San Pedro: The Bark “Vidette” Towing Into Port at Sunrise in 1890

$900.00

San Pedro Bay, the eventual site of Los Angeles harbor, appeared in the beginning to have nothing at all to recommend it. When the Portuguese navigator Juan Rodriguez Cabrillo first sighted the coastline on October 8, 1542, the spongy speck of land did not impress him. Cabrillo named the shallow bay “Bahia de los Fumos y Fuegos” (Bay of Smokes and Fires) because of the heavy pall of smoke from Indian grass fires that hung over the area.

For more than two centuries, San Pedro remained virtually deserted except for some occasional visits by Aleutians Indians.

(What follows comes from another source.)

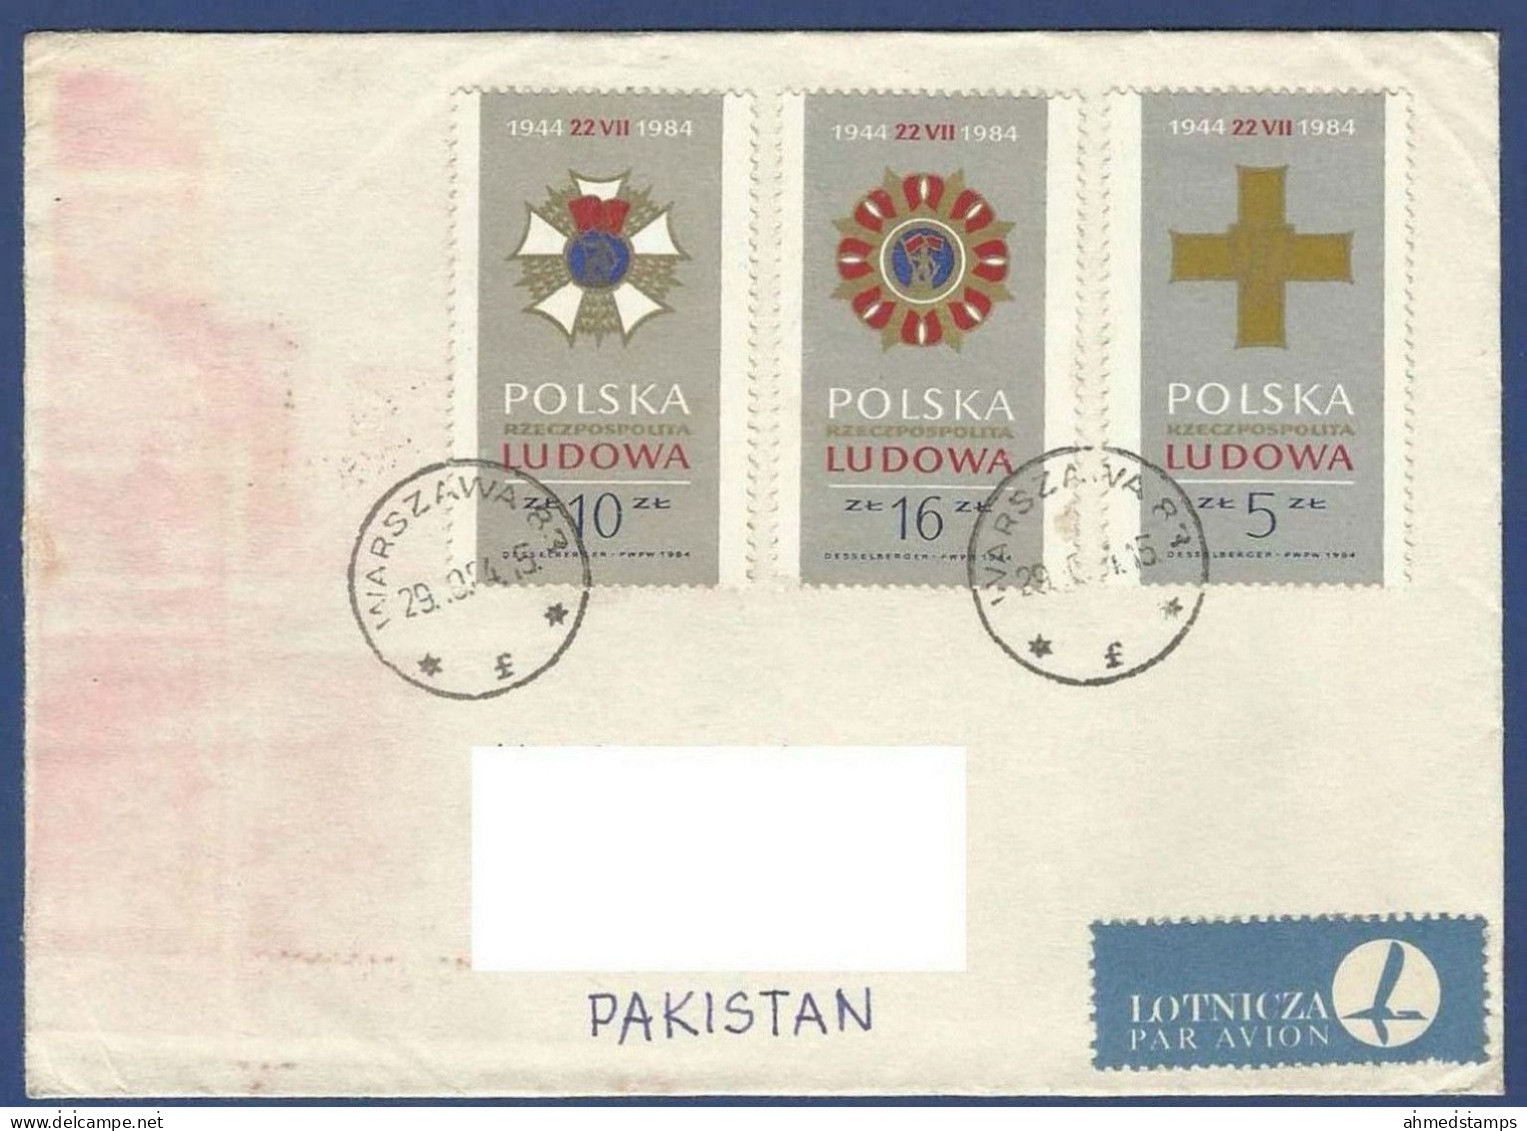 POLAND POSTAL USED AIRMAIL COVER TO PAKISTAN - Sin Clasificación

Then, in 1771, a Franciscan monk, Father Junipero Serra, established the Mission San Gabriel Archangel forty miles from San Pedro Bay. Shortly after, the monks began laboriously pulling their oxcarts, piled high with tallow and hides, over rugged land to the small harbor and thus initiated the first bit of trading at San Pedro.

Ten years later the Mexican governor of California conferred the status of cityhood on the small settlement of adobe huts and “The City of Our Lady, the Queen of the Angels,” Los Angeles, was born.

This view shows the bark Vidette, a 616-ton vessel built in Bath, Maine, in 1865, arriving at San Pedro with a cargo of lumber from Puget Sound. The Vidette enjoyed a long life after this voyage; she operated into the 1940s as a coal barge at Oakland, California.